**Exercise directions:**
Give again, exactly as written, the lines of the records below from the line with "Ballistix Crucial BL2K16G32C16U4B" to the line with "Sushi Rolls - Ebiten". Both end lines count; pictures do not.

**Input for this task:**

^^^^

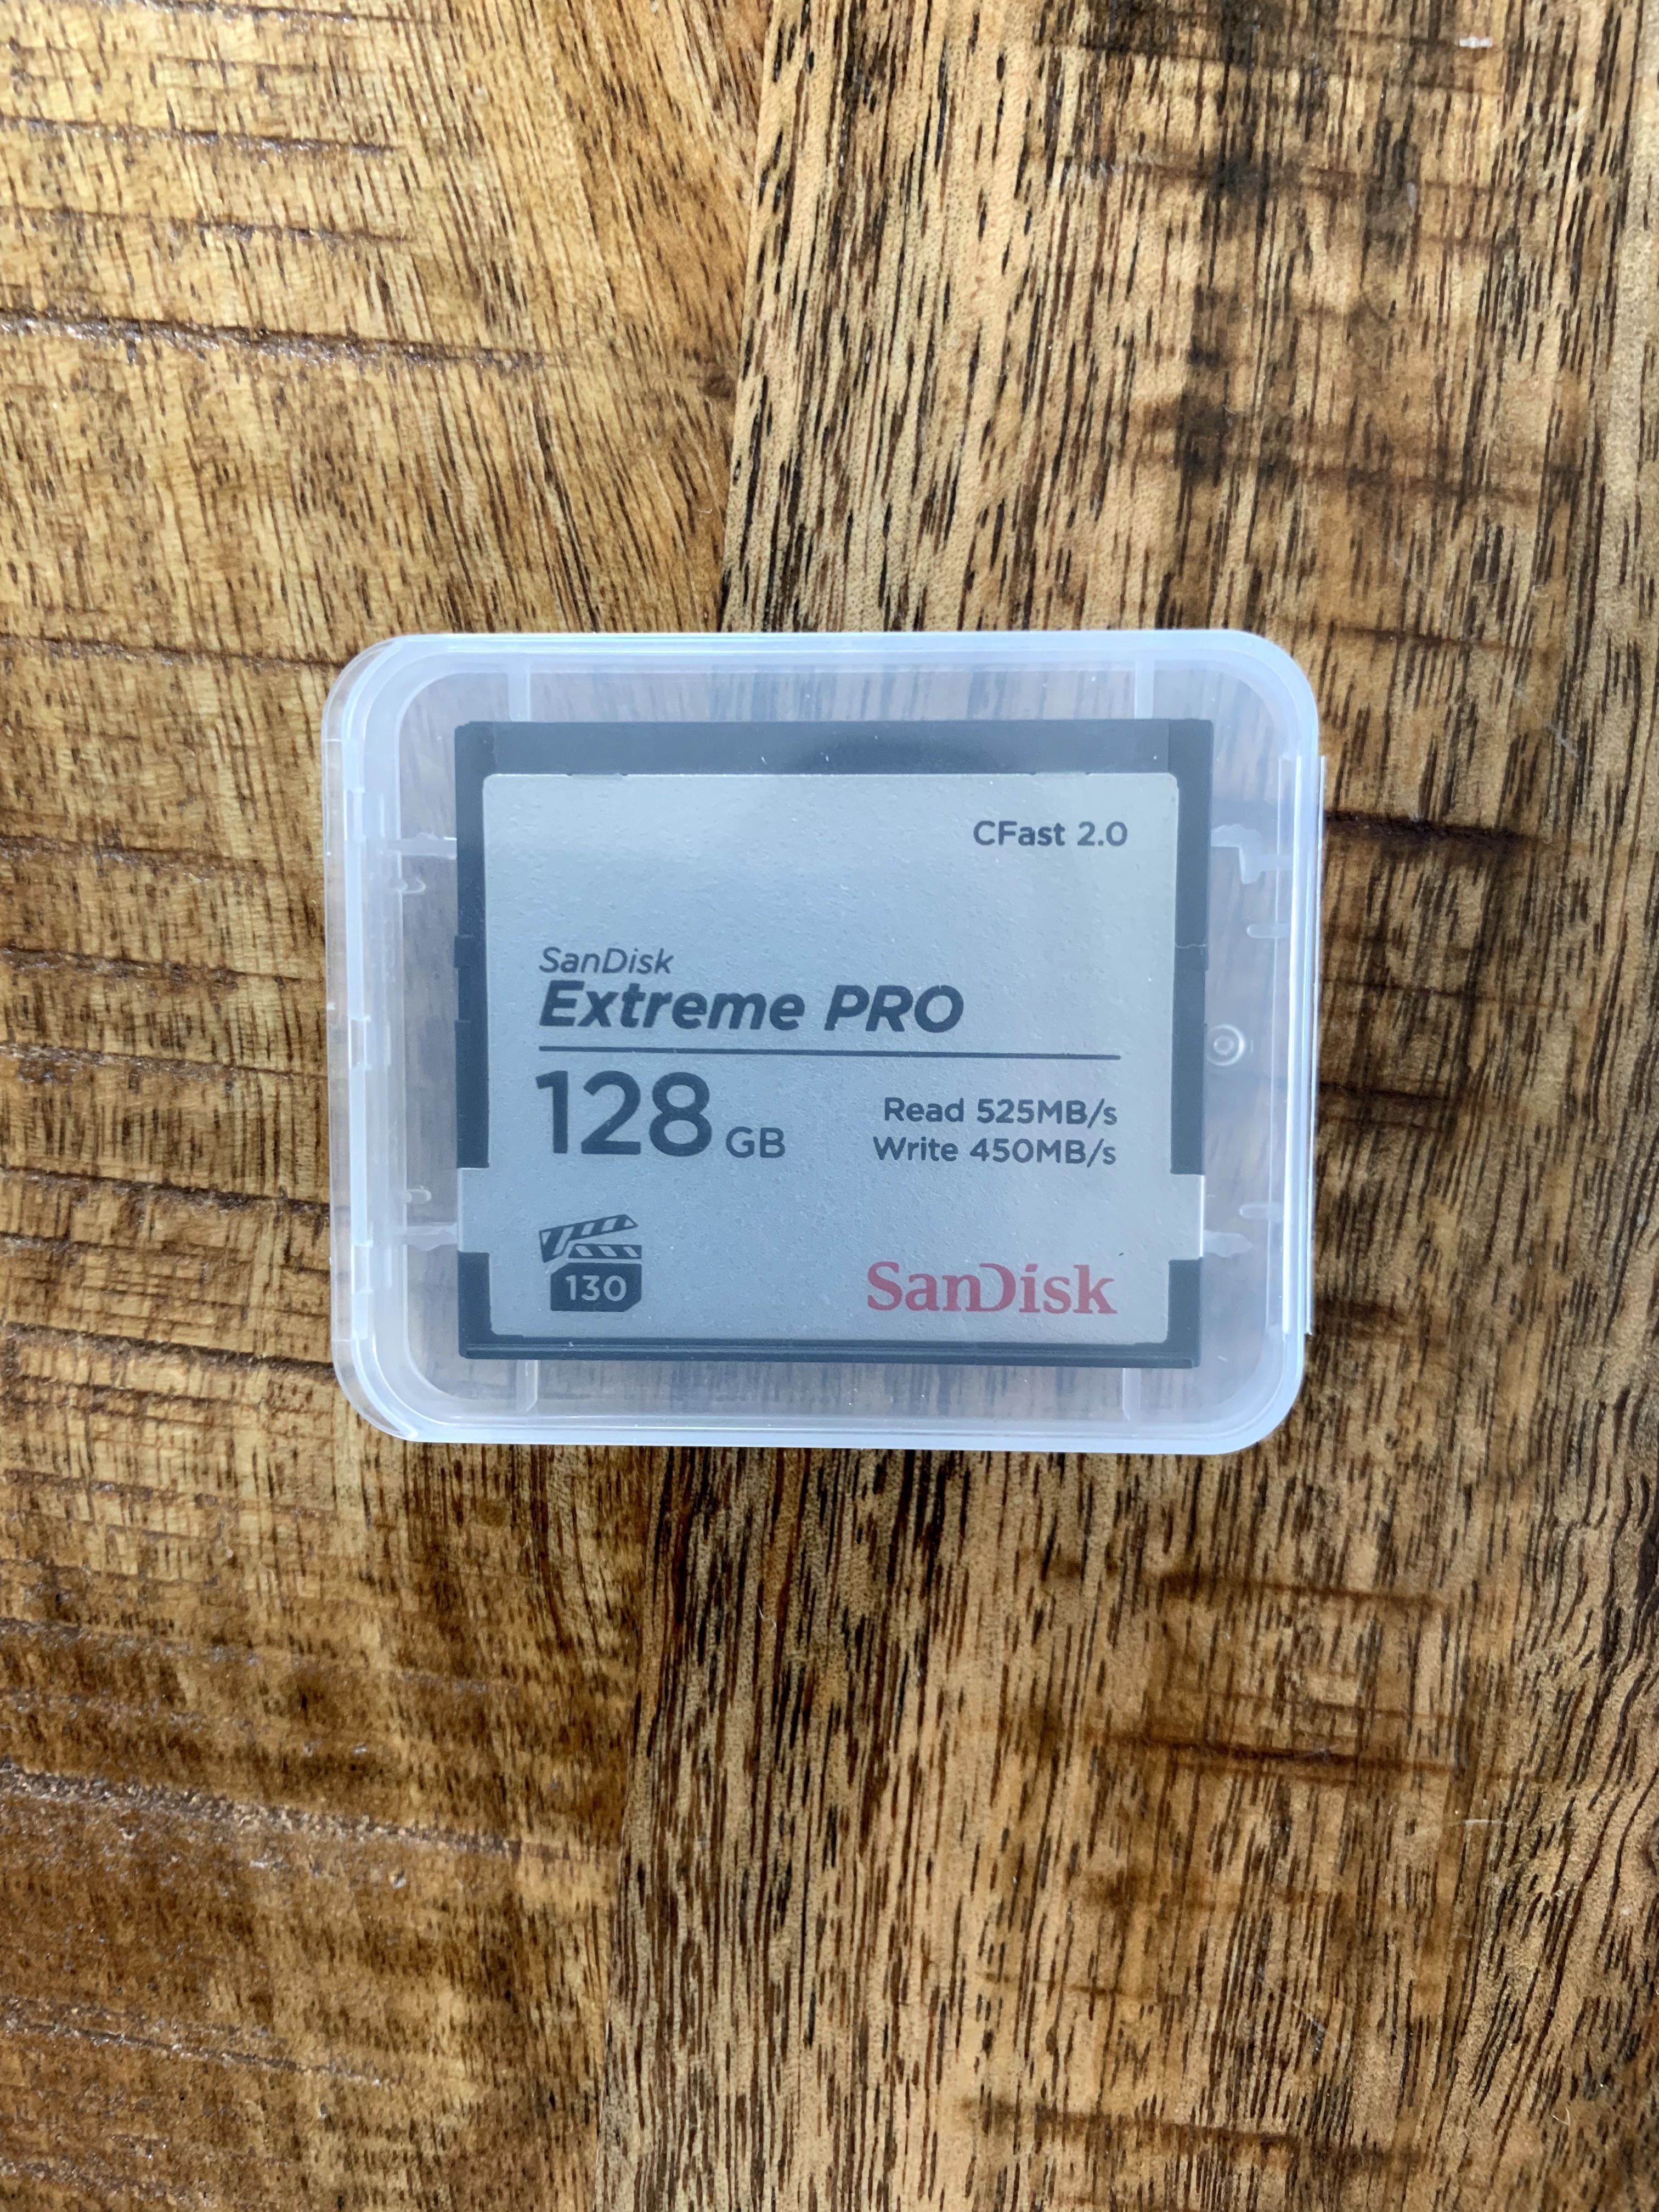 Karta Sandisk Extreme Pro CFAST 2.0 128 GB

^^^^

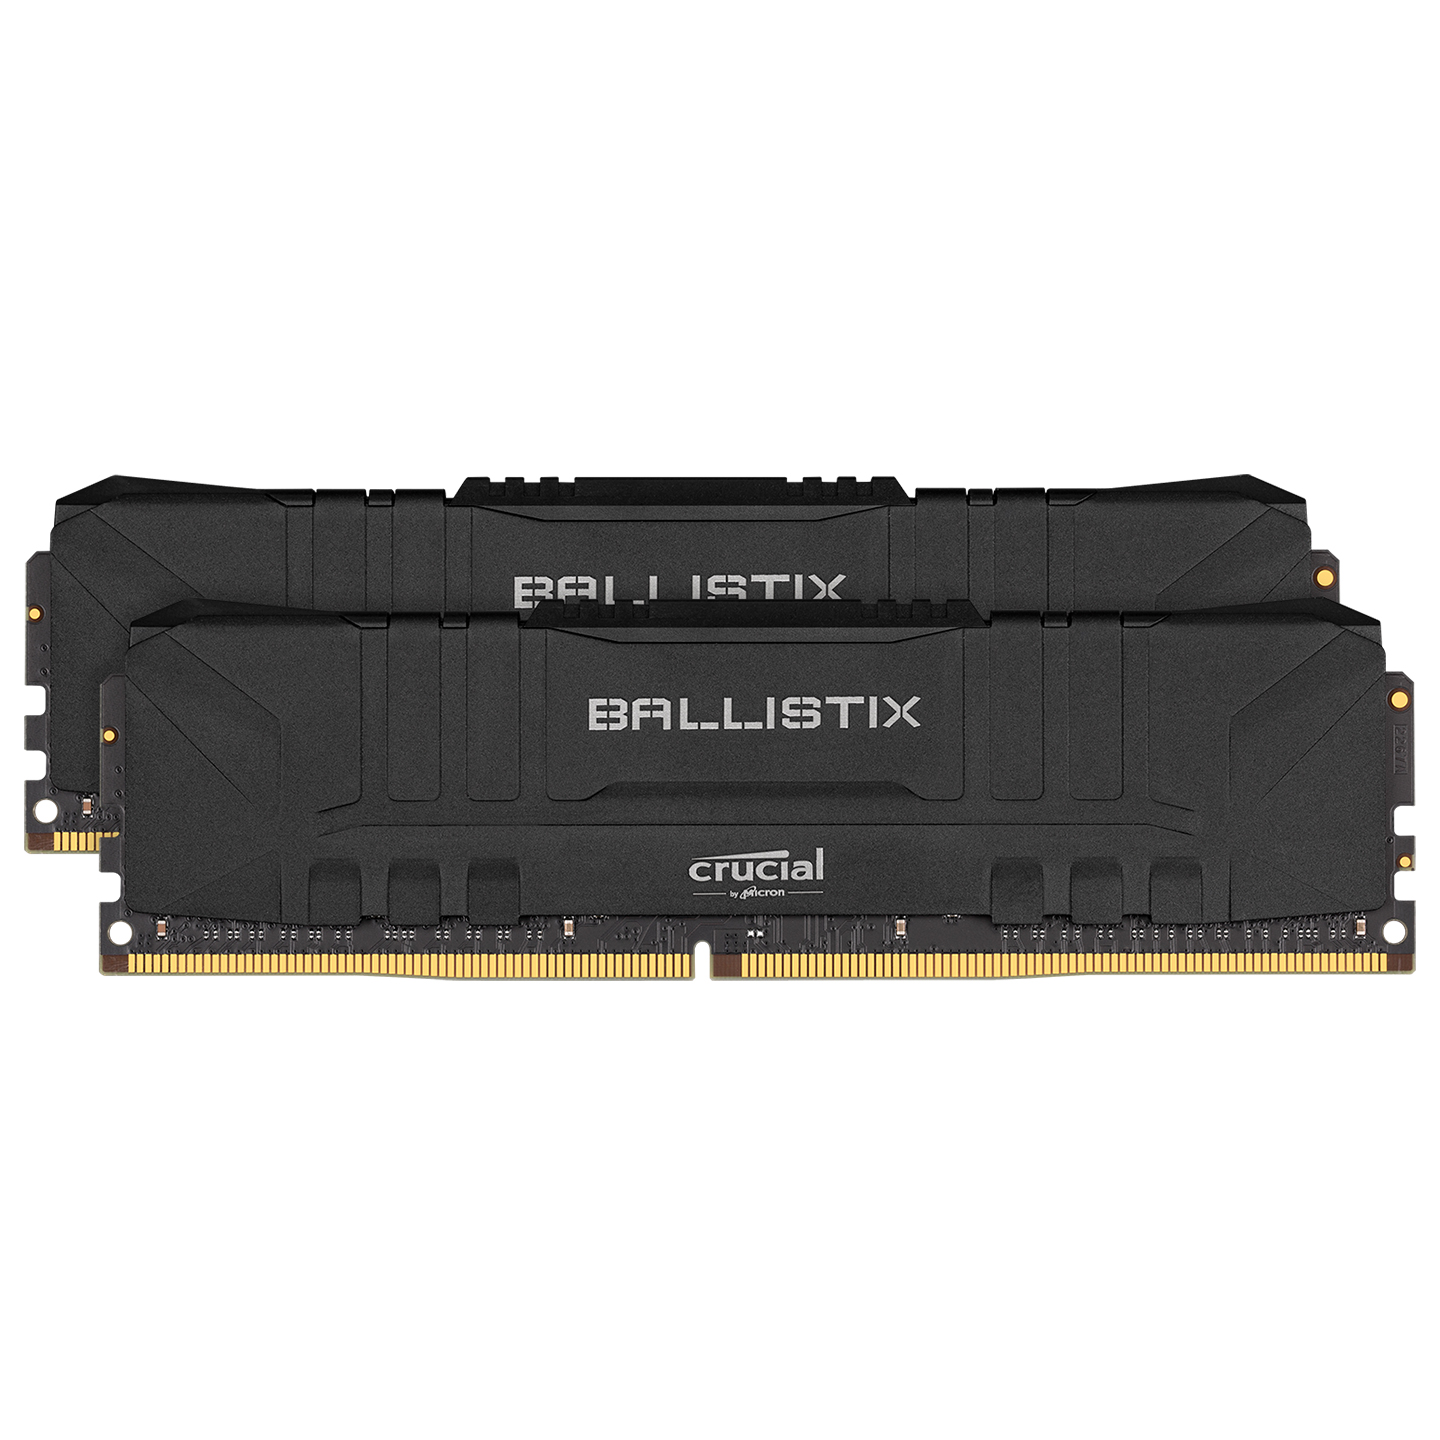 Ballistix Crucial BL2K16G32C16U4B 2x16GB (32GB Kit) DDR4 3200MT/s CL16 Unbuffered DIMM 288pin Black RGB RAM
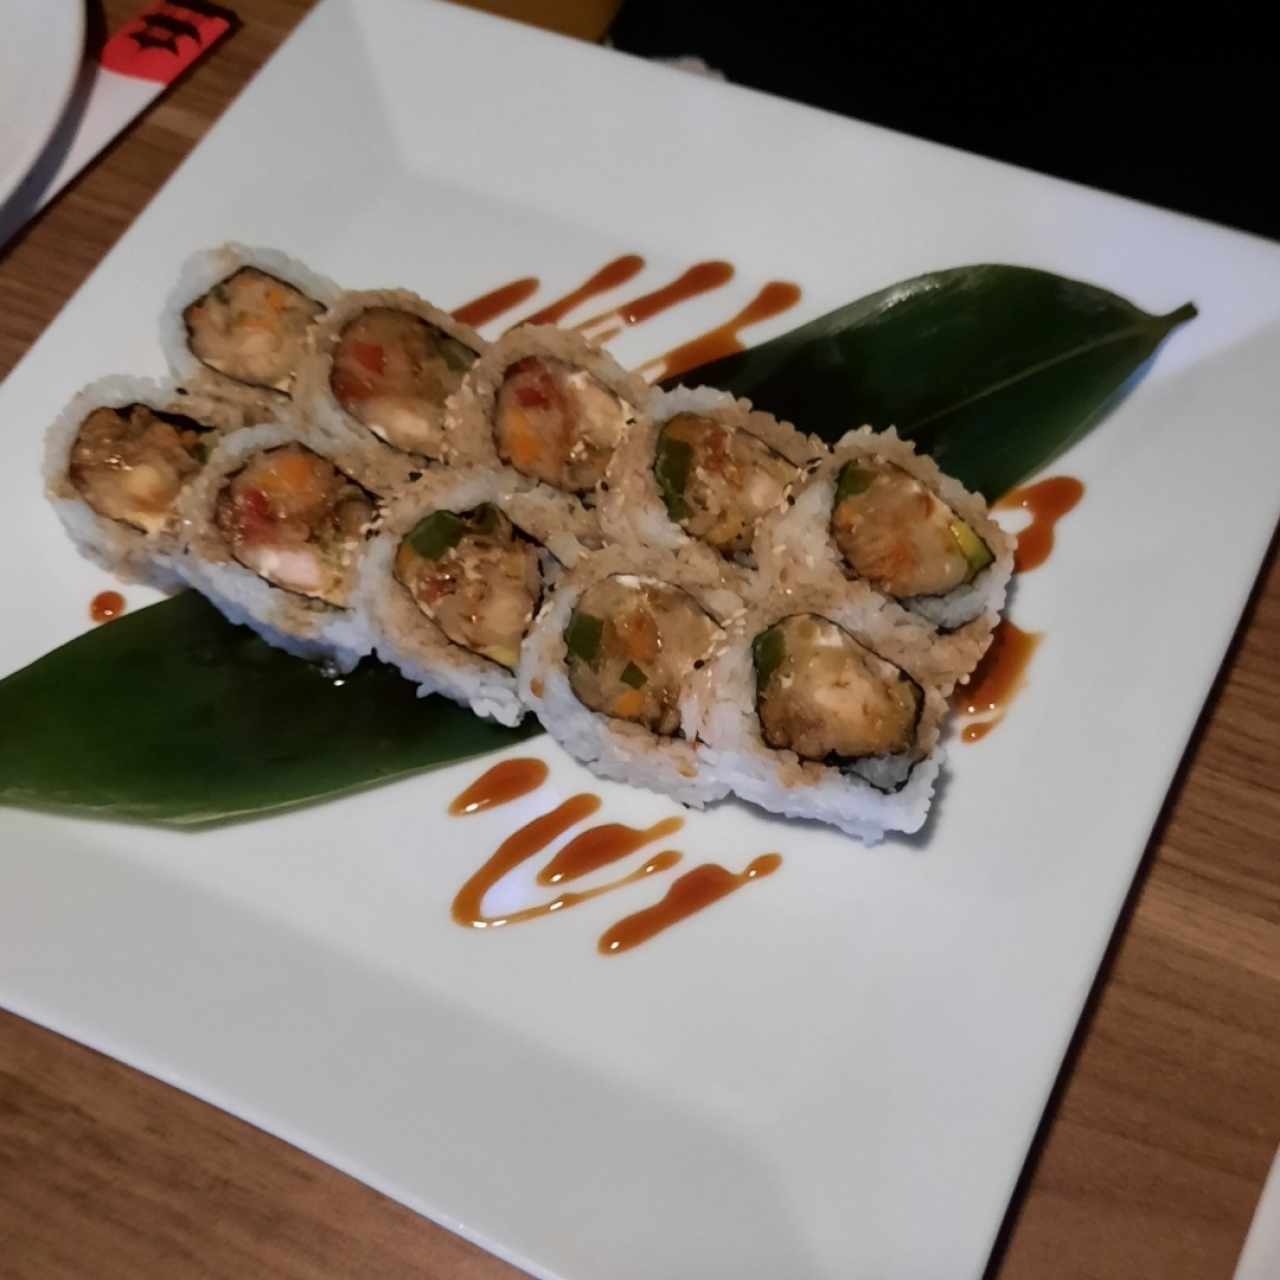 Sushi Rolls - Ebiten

^^^^

**Your solution:**
 Ballistix Crucial BL2K16G32C16U4B 2x16GB (32GB Kit) DDR4 3200MT/s CL16 Unbuffered DIMM 288pin Black RGB RAM
 Sushi Rolls - Ebiten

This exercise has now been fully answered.